System architecture design professional skills · Software Engineering (1) [System Architect]
Advanced system architecture design skills · Software architecture concepts, architectural styles, ABSD, architecture reuse, DSSA (1) [System Architect]
Advanced system architecture design Skills · System quality attributes and architecture assessment (2) [System Architect]
Advanced skills in system architecture design · Software reliability analysis and design (3) [System Architect]

1. Database concept

1.1 Data model

Data models are divided into: hierarchical model, network model, object-oriented model, and relational model.

The three elements of a data model are: data structure, data operations, and data constraints.

Data constraints include:
(1) Entity integrity:
(2) Referential integrity:
(3) User-defined integrity:

1.2 Database view

A view does not actually exist in the database, but is a virtual table.
Insert image description here

2. Database model

Databases generally adopt a three-level model. System developers need to reduce the complexity of the user shielding system and simplify the interaction between users and the system through abstraction at three levels: view layer, logical layer and physical layer.
From the perspective of database management systems, databases are also divided into external schemas, conceptual schemas and internal schemas.
Insert image description here
The database system provides two-level images between three-level schemas: conceptual schema/internal schema image, and external schema/conceptual schema image.
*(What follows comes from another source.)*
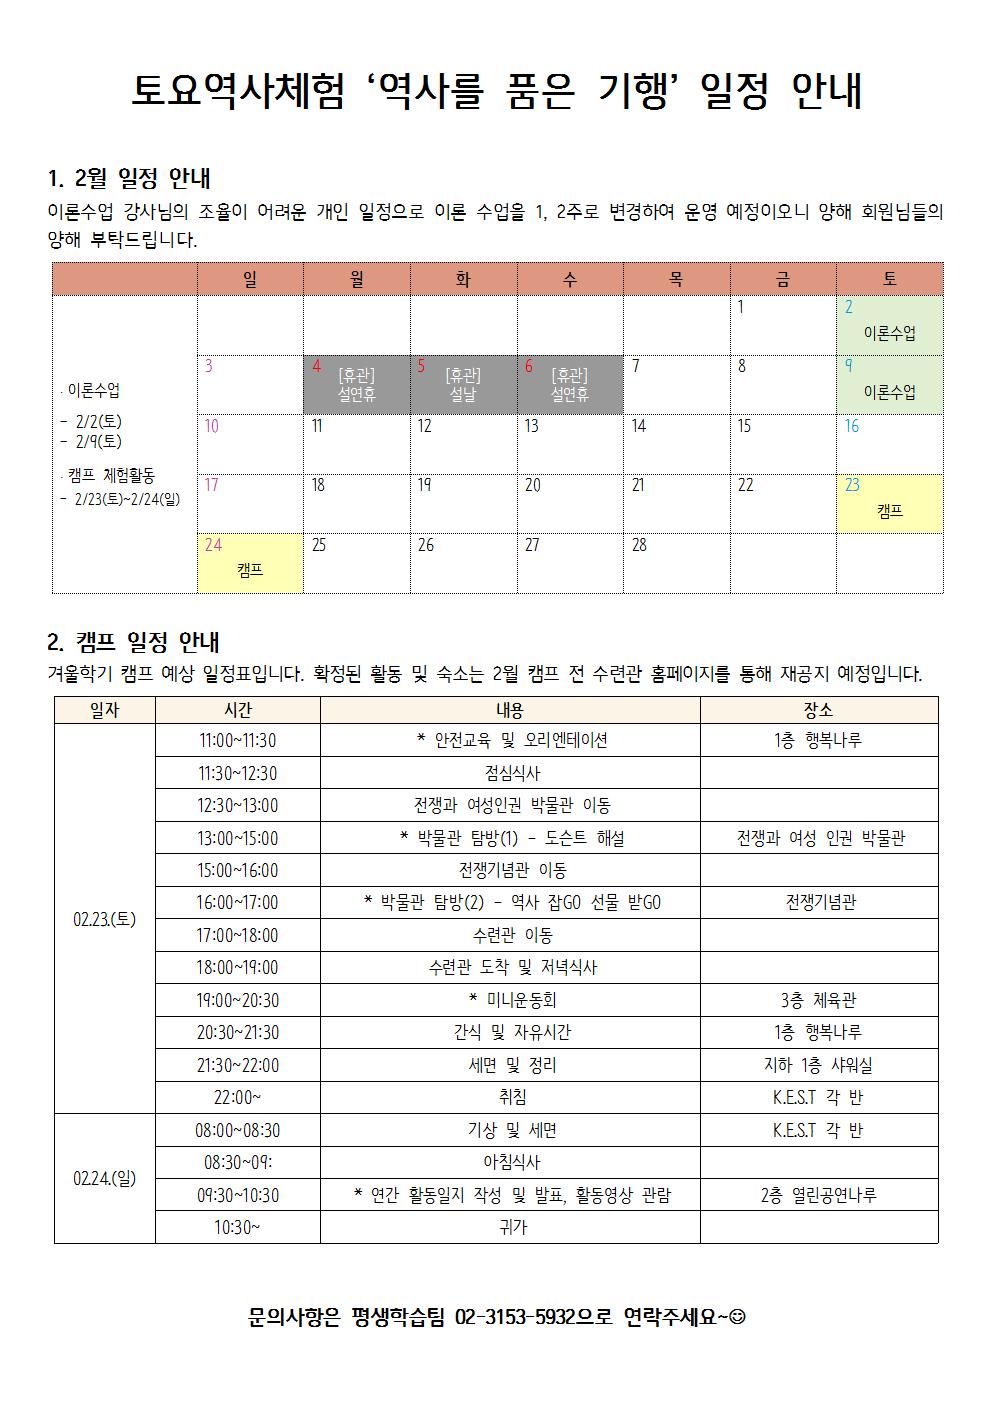 토요역사체험 '역사를 품은 기행' 일정변경 안내문001.png

These two levels of imaging ensure that the data in the database has high logical independence and physical independence.

Database three-level schema

external mode conceptual model internal mode
Also called sub-mode or user mode, it is used to describe the logical structure of the part of data that users see or use. Users use data manipulation statements or applications to operate data in the database according to the external mode. It is a description of the logical structure and characteristics of all data in the database, and is a common data view for all users. It is a description of the physical structure and storage method of data, how data is represented within the database, and defines all internal record types, indexes, and file organization methods.
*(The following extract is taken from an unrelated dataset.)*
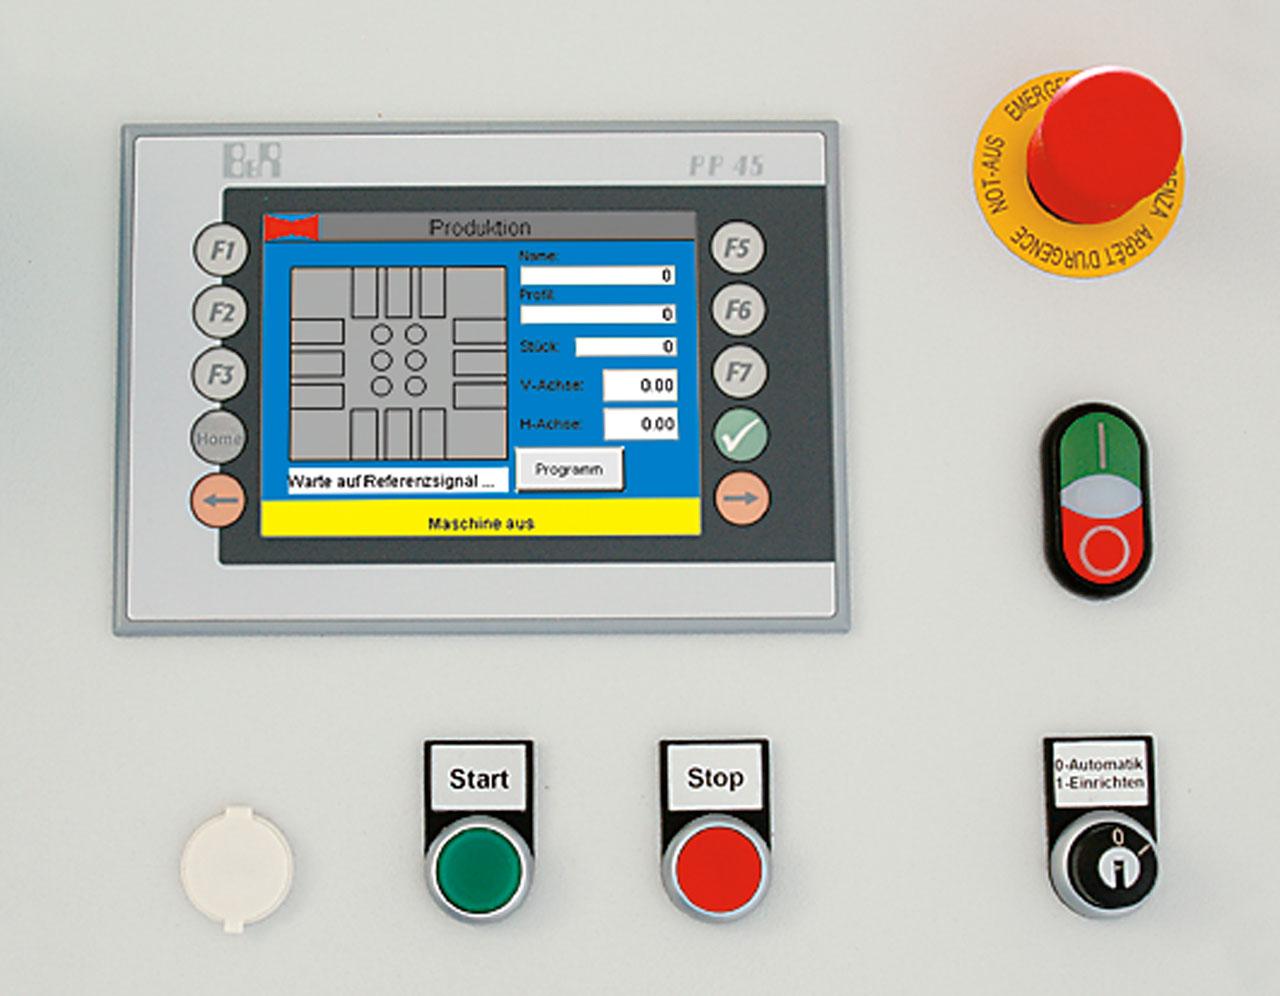 pp2nc-touchscreen-detail-hoffmann-dovetail-routing-machine-w1087010.jpg

Database two-level imaging

logical independence physical independence
Corresponds to the mapping between external schema and conceptual schema. It means that the application program is independent of the logical structure in the database. When the logical structure of the data changes, the application program remains unchanged. Corresponds to the mapping between conceptual schemas and internal schemas. It means that the application and the data on the disk are independent of each other. When the physical storage of data changes, the application does not change

3. Relational Database

3.1 Relational model

The three elements of a data model are: data structure, data operations, and data constraints.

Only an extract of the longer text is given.